**PROBLEM TO WORK ON:** The records below must be reproduced in full and without error.
==================================================
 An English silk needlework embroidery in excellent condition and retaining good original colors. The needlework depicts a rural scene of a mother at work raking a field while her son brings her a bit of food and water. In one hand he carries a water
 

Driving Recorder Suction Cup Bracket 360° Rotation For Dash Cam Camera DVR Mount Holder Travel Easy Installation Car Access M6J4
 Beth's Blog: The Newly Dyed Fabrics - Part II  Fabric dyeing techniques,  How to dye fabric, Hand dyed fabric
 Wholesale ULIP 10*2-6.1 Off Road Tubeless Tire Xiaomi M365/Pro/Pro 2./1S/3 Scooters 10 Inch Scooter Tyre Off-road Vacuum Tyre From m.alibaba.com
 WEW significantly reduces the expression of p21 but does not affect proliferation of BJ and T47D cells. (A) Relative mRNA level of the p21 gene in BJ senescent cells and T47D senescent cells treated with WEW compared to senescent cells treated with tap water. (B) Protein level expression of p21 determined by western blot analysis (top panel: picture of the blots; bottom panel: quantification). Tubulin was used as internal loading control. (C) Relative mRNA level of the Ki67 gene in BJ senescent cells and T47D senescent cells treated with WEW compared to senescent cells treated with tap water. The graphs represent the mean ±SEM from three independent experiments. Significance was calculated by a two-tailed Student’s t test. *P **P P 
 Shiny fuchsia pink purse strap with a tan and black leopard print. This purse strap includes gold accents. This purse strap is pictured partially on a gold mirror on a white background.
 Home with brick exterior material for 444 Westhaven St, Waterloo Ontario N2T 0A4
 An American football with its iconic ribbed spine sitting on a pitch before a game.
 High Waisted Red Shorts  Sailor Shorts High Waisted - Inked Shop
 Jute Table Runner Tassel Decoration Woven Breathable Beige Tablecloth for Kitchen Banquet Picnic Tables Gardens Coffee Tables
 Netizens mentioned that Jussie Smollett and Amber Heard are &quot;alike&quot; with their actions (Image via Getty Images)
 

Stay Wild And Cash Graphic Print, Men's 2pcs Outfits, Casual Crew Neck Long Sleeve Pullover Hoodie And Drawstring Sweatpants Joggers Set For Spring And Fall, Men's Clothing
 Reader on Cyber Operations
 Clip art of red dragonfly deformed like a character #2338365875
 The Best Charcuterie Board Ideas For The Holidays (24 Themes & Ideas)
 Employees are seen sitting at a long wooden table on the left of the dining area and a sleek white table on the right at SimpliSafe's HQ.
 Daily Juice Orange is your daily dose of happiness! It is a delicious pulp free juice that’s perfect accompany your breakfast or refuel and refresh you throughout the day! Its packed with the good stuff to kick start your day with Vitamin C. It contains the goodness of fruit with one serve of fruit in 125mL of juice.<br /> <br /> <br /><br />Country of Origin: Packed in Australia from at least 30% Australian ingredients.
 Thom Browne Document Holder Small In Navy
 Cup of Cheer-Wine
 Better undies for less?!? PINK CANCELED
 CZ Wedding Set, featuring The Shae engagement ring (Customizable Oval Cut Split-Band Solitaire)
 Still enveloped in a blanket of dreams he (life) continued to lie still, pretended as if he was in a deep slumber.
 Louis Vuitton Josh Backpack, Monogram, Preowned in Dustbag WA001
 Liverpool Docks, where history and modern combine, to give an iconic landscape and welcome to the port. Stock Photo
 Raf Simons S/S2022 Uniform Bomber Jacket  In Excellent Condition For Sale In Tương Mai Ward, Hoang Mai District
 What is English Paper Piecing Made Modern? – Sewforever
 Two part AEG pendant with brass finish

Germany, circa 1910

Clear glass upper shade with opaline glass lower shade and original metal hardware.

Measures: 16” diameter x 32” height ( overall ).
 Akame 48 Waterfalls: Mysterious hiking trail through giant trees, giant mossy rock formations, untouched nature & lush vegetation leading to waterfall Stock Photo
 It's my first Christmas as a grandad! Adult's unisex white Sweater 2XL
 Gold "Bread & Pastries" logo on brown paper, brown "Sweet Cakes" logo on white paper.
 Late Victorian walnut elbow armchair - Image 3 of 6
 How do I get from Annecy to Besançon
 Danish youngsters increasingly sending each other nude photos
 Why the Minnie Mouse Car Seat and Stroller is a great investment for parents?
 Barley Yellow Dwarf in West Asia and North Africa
==================================================
**WRITTEN RESPONSE:**
 An English silk needlework embroidery in excellent condition and retaining good original colors. The needlework depicts a rural scene of a mother at work raking a field while her son brings her a bit of food and water. In one hand he carries a water
 

Driving Recorder Suction Cup Bracket 360° Rotation For Dash Cam Camera DVR Mount Holder Travel Easy Installation Car Access M6J4
 Beth's Blog: The Newly Dyed Fabrics - Part II  Fabric dyeing techniques,  How to dye fabric, Hand dyed fabric
 Wholesale ULIP 10*2-6.1 Off Road Tubeless Tire Xiaomi M365/Pro/Pro 2./1S/3 Scooters 10 Inch Scooter Tyre Off-road Vacuum Tyre From m.alibaba.com
 WEW significantly reduces the expression of p21 but does not affect proliferation of BJ and T47D cells. (A) Relative mRNA level of the p21 gene in BJ senescent cells and T47D senescent cells treated with WEW compared to senescent cells treated with tap water. (B) Protein level expression of p21 determined by western blot analysis (top panel: picture of the blots; bottom panel: quantification). Tubulin was used as internal loading control. (C) Relative mRNA level of the Ki67 gene in BJ senescent cells and T47D senescent cells treated with WEW compared to senescent cells treated with tap water. The graphs represent the mean ±SEM from three independent experiments. Significance was calculated by a two-tailed Student’s t test. *P **P P 
 Shiny fuchsia pink purse strap with a tan and black leopard print. This purse strap includes gold accents. This purse strap is pictured partially on a gold mirror on a white background.
 Home with brick exterior material for 444 Westhaven St, Waterloo Ontario N2T 0A4
 An American football with its iconic ribbed spine sitting on a pitch before a game.
 High Waisted Red Shorts  Sailor Shorts High Waisted - Inked Shop
 Jute Table Runner Tassel Decoration Woven Breathable Beige Tablecloth for Kitchen Banquet Picnic Tables Gardens Coffee Tables
 Netizens mentioned that Jussie Smollett and Amber Heard are &quot;alike&quot; with their actions (Image via Getty Images)
 

Stay Wild And Cash Graphic Print, Men's 2pcs Outfits, Casual Crew Neck Long Sleeve Pullover Hoodie And Drawstring Sweatpants Joggers Set For Spring And Fall, Men's Clothing
 Reader on Cyber Operations
 Clip art of red dragonfly deformed like a character #2338365875
 The Best Charcuterie Board Ideas For The Holidays (24 Themes & Ideas)
 Employees are seen sitting at a long wooden table on the left of the dining area and a sleek white table on the right at SimpliSafe's HQ.
 Daily Juice Orange is your daily dose of happiness! It is a delicious pulp free juice that’s perfect accompany your breakfast or refuel and refresh you throughout the day! Its packed with the good stuff to kick start your day with Vitamin C. It contains the goodness of fruit with one serve of fruit in 125mL of juice.<br /> <br /> <br /><br />Country of Origin: Packed in Australia from at least 30% Australian ingredients.
 Thom Browne Document Holder Small In Navy
 Cup of Cheer-Wine
 Better undies for less?!? PINK CANCELED
 CZ Wedding Set, featuring The Shae engagement ring (Customizable Oval Cut Split-Band Solitaire)
 Still enveloped in a blanket of dreams he (life) continued to lie still, pretended as if he was in a deep slumber.
 Louis Vuitton Josh Backpack, Monogram, Preowned in Dustbag WA001
 Liverpool Docks, where history and modern combine, to give an iconic landscape and welcome to the port. Stock Photo
 Raf Simons S/S2022 Uniform Bomber Jacket  In Excellent Condition For Sale In Tương Mai Ward, Hoang Mai District
 What is English Paper Piecing Made Modern? – Sewforever
 Two part AEG pendant with brass finish

Germany, circa 1910

Clear glass upper shade with opaline glass lower shade and original metal hardware.

Measures: 16” diameter x 32” height ( overall ).
 Akame 48 Waterfalls: Mysterious hiking trail through giant trees, giant mossy rock formations, untouched nature & lush vegetation leading to waterfall Stock Photo
 It's my first Christmas as a grandad! Adult's unisex white Sweater 2XL
 Gold "Bread & Pastries" logo on brown paper, brown "Sweet Cakes" logo on white paper.
 Late Victorian walnut elbow armchair - Image 3 of 6
 How do I get from Annecy to Besançon
 Danish youngsters increasingly sending each other nude photos
 Why the Minnie Mouse Car Seat and Stroller is a great investment for parents?
 Barley Yellow Dwarf in West Asia and North Africa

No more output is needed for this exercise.